Moda

Pierre Louis Vuitton, sexta generación, es el último eslabón del baúl más famoso del mundo

Entrevista

En Asnières, cerca de París, se esconde un secreto industrial y millonario. En la casa madre, Pierre Louis Vuitton defiende su esencia artesanal en el 130º aniversario del Monogram, el ‘canvas’ más famoso del mundo

Cuenta la leyenda que George Louis Vuitton se inspiró en los azulejos de la casa de Asnières para el Monogram

Cuenta la leyenda que George Louis Vuitton se inspiró en los azulejos de la casa de Asnières para el Monogram

Cortesía de la firma

Entrar en la casa familiar de Louis Vuitton en Asnières, cerca de París, es como sumergirse en una novela de las hermanas Brontë. En la luminosa entrada de suelo mosaico, recibe al huésped una pintura inspirada en un retrato de Louis Vuitton de joven. A sus pies, un baúl con la lona Monogram sirve de mesa y evidencia que ésta no es una casa corriente. 

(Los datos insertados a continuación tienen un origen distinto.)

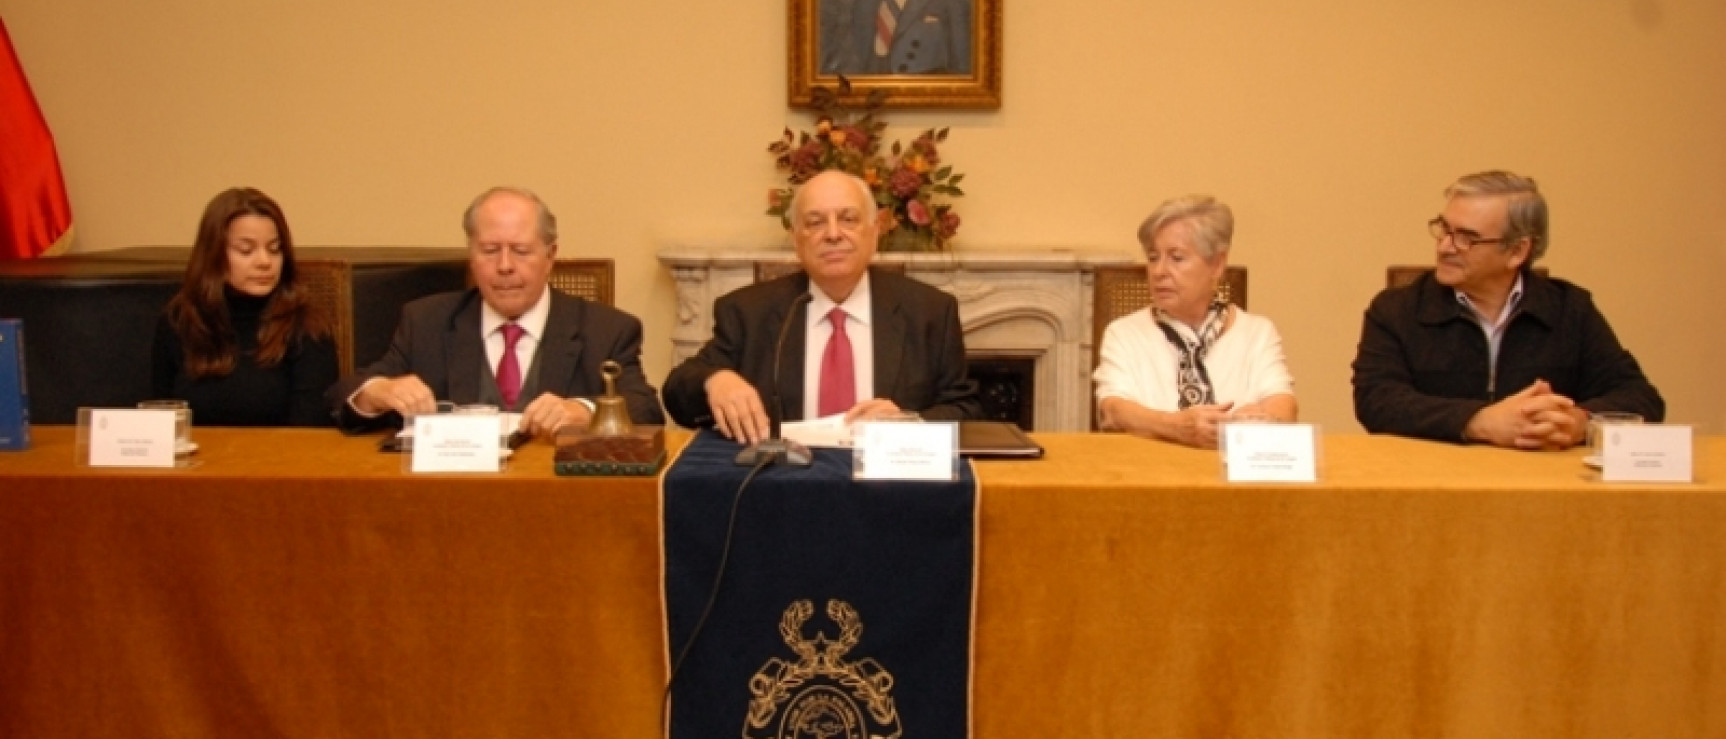 De izquierda a derecha: Elsy Salazar, José Luis Samaniego, Alfredo Matus, Adriana Valdés y Arturo Infante.

En su amplio salón de estética naturalista han jugado las seis generaciones Louis Vuitton, y se dice que los azulejos que una vez revestían la cocina inspiraron a Georges L. Vuitton para crear el Monogram, que cumple 130 años. Y como las paredes todavía no hablan, aunque respiran la esencia sofisticada que envuelve todo lo que hace la firma, es Pierre Louis Vuitton, el último eslabón de la familia, quien acomodado en el sofá de terciopelo rosa relata la historia del imperio del lujo moderno.

Pierre Louis Vuitton en la casa de la familia en Asnières
Pierre Louis Vuitton en la casa de la familia en AsnièresUxio Da Vila

Este es un año especial para la casa Vuitton, que celebra 130 años de la creación del Monogram. ¿Qué vínculo tiene usted con este motivo y qué representa dentro de la firma?

Cuando yo nací, en Asnières solo existía un canvas para Louis Vuitton y ese era el Monogram. He vivido toda mi vida con este motivo y, de hecho, fue a través de él que empecé mi carrera en Louis Vuitton. He aprendido a trabajarlo y saber colocarlo en un baúl; su calibre y todos sus secretos.

Ha creado muchos baúles de Louis Vuitton con sus propias manos. ¿A qué edad hizo el primero y qué secretos esconde esta histórica pieza artesanal?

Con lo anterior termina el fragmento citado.